# Any truth to this one?



## Kozlow (Oct 25, 2002)

The big one that didn't get away.  
http://floridasurffishing.com/cgi-bin/floridasurffishing/noteboards/gowge.cgi?read=60152#60152


----------



## Duke of Fluke (May 22, 2002)

Yep.

80 pounders are pretty common in the DE bay although most are caught on the DE side rather than Jersey, but they are caught on both sides. In recent years they are becoming more common in the surf and Coastal bays as well. I believe the big one was actually caught up around Egg harbor. There were several large ones caught up around LBI last year.


----------



## Eric G (Nov 15, 2000)

Yep2 - caught in Great Bay. Don't know either from shore or boat. NJ Fish & wildlife processing the paper work. 107lb


----------



## davehunt (Mar 27, 2003)

This must be a good year for NJ State records, (and World Record for that matter).

I picked up the May 15 issue of The Fisherman, NJ Delaware Bay issue on Friday. There is an article on a Tilefish trip aboard the Ugly Mug out of Cape May.

Three of the fish caught on the trip topped the NJ Record and the largest, 51 lbs 2 oz, has been submitted for a world record!

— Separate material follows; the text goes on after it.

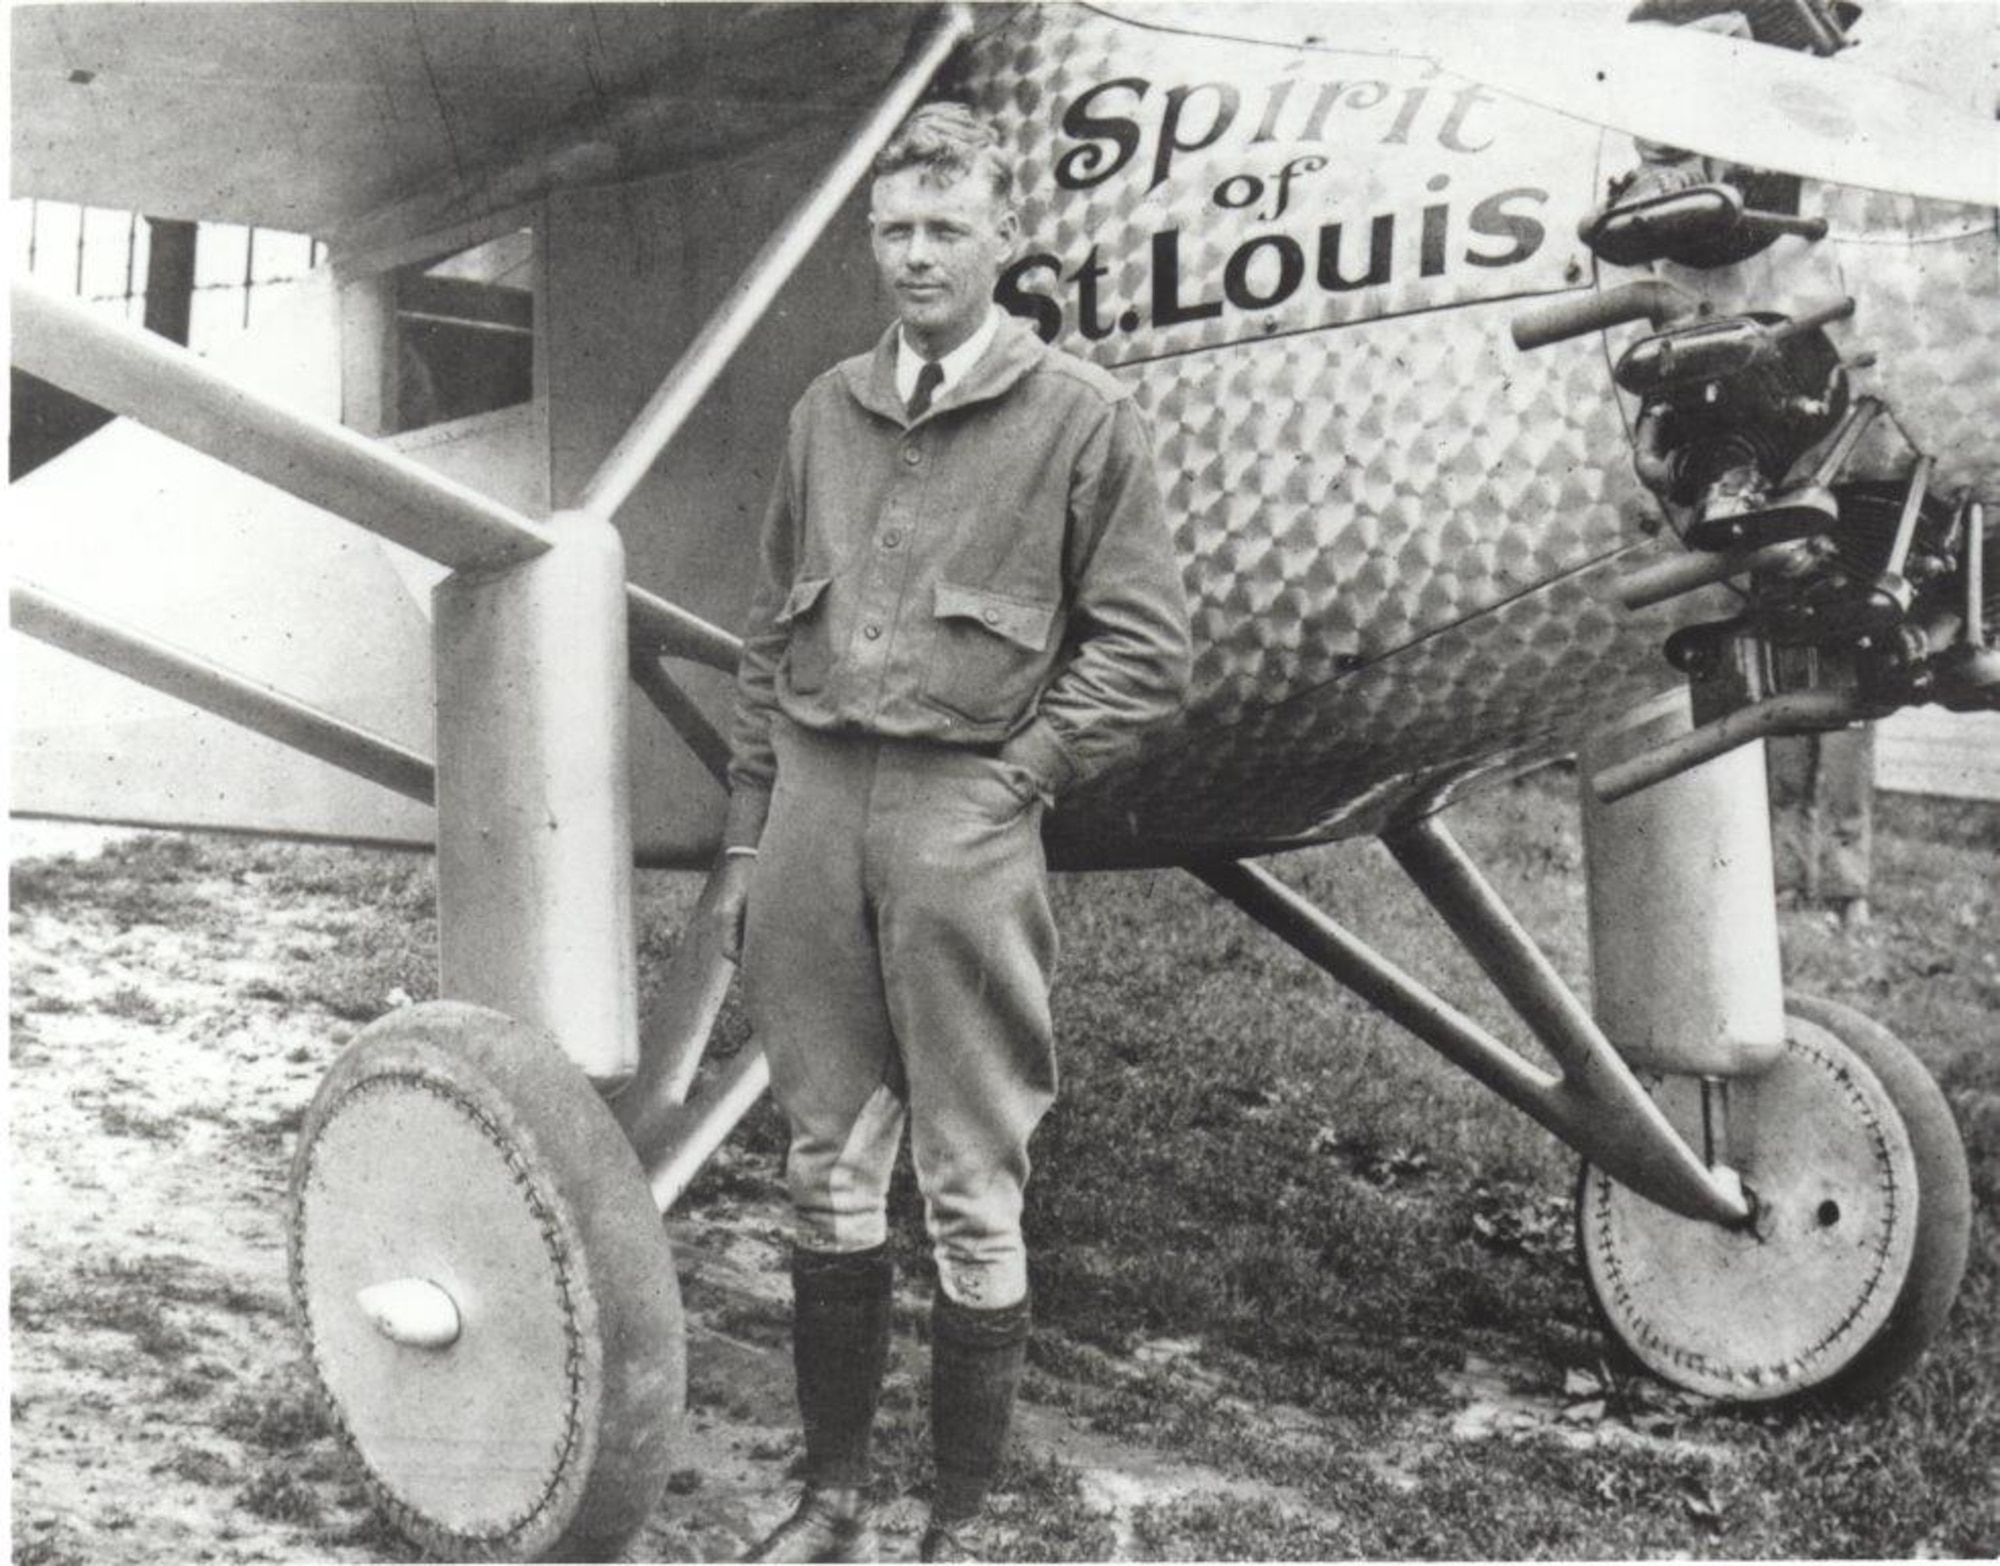 TIL that Charles Lindbergh's Spirit of St. Louis aircraft had no front  window due to fuel tank placement. The only forward vision was by a  periscope. : r/todayilearned

Hope this is a good omen. I'm not superstitious, but the way this spring has gone so far, a little help from fate would be greatly appreciated.


----------



## tommsu1 (Jan 17, 2002)

That drumwas actually weighed in at the new dolphin in seaside park NJ, to check out his web site go to newdolphinbt.com, and by the way i think it was either yesterday's report or the day before two drums were weighed in from the DE bay one was if i remember correctly 88lbs and the other was i believe 60 something pounds these are gigantic fish, did you also hear about the doormat fluke that came out of ibsp 14lbs and 10 oz


----------